The Israeli land grab has never been derailed or even stalled by the peace
talks of the past that uniformly have gone nowhere. Those talks collectively
have been so meaningless that they are only granted the diplomatic stature
of a "process". In this context, the critical challenge for Annapolis
planners is how to make the proposed talks meaningful.
-
- "Meaningful" talks, however, represent widely
different outcomes for the key parties. Given their druthers, the Palestinians
would like all of Palestine returned to them, but the realists among them
now seem prepared to accept a division at the 1967 truce line plus the
Gaza Strip. That would concede most of Palestine to the Israelis; the 1967
truce line is generally regarded as providing the minimum real estate necessary
for a viable Palestinian state. On the other hand, the Zionists who drive
Israeli policy on this matter want all of Palestine to the Jordan River
and more if they can get it. Their basic strategy to date has been to talk
peace, stall on specifics and continue to encroach on the remainder of
Palestine with new settlements, creating those famous "facts on the
ground" that George W. Bush so glibly handed to Ariel Sharon. That
land grab goes on today, even as the US prepares for peace talks in Annapolis.
-
- One can ask whether in these circumstances there is any
point to the Annapolis talks. While Mahmoud Abbas for the Palestinians
and Ehud Olmert for the Israelis natter over the terms of an agenda, it
becomes increasingly clear that, if such talks are held, they will occur
without either an agreed agenda or a consensus on outcomes. In that event,
the bigger question becomes who actually will attend. One of the clearest
voices on what must happen is John Whitbeck, a former legal counsel to
the Palestinians and presently an informal adviser. Below, with his permission,
are views he has expressed on the situation facing Palestinian officials.
-
-
- Quote
-
- The West Bank Fatah leadership has not yet yielded in
its publicly pronounced insistence that it will not go to Annapolis without
both a detailed framework for a peace agreement and a firm deadline for
reaching a definitive peace agreement.

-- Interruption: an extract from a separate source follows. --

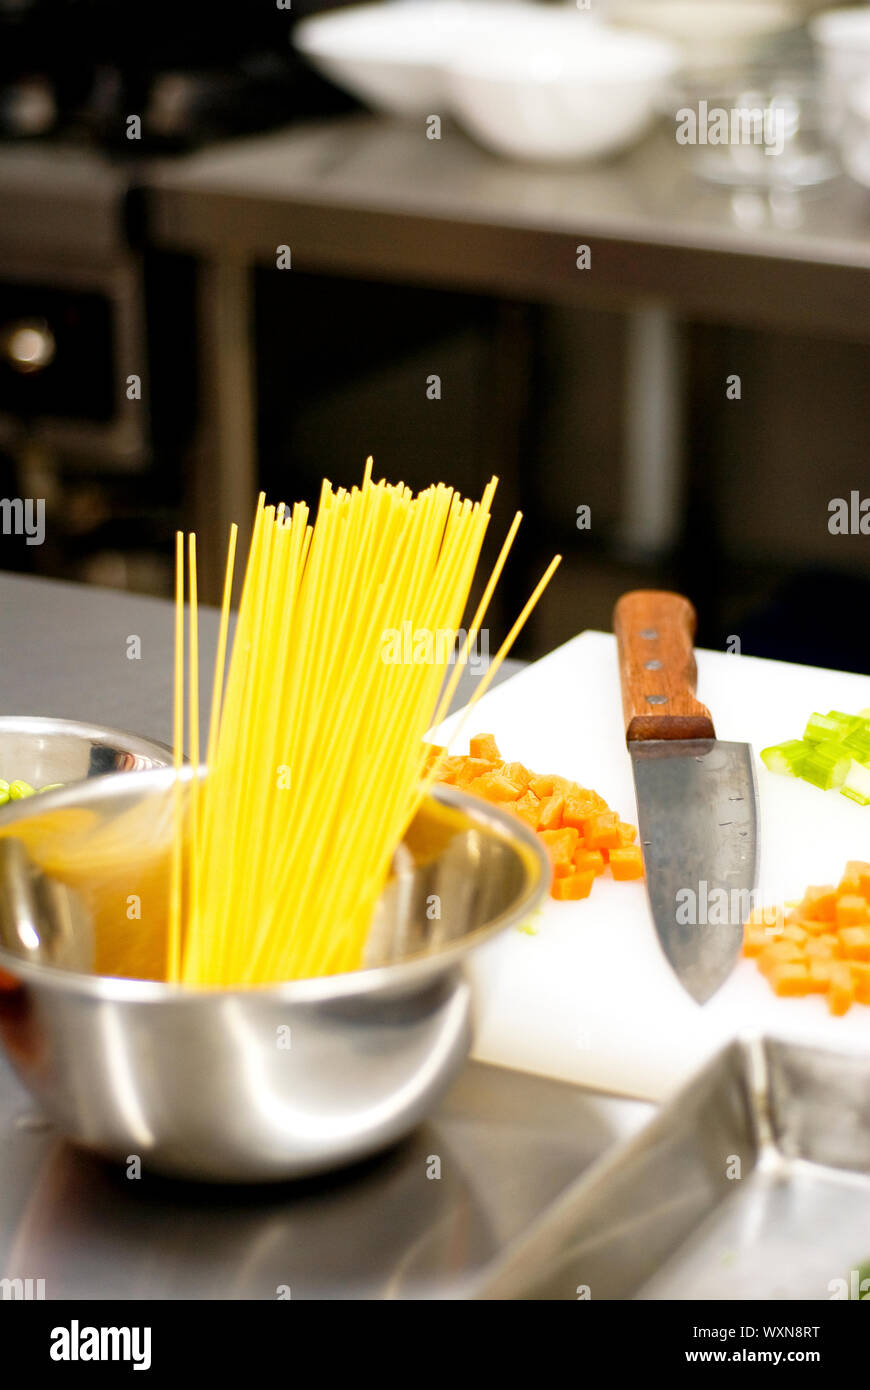 Italian Spaghetti Pasta On A Typical Full Equipped Restaurant Kitchen WXN8RT

Maintaining this insistence is essential
if any renewed "peace process" is not to be simply another multi-year,
time-wasting farce.
-
- Israel, which has, successfully and with the silent acquiescence
and complicity of the West, vastly accelerated its colonization project
under the protective cover of a series of multi-year, time-wasting farces
and which desires nothing else but more of the same, has made clear that
it is willing to consider only a vague declaration of principles (again?)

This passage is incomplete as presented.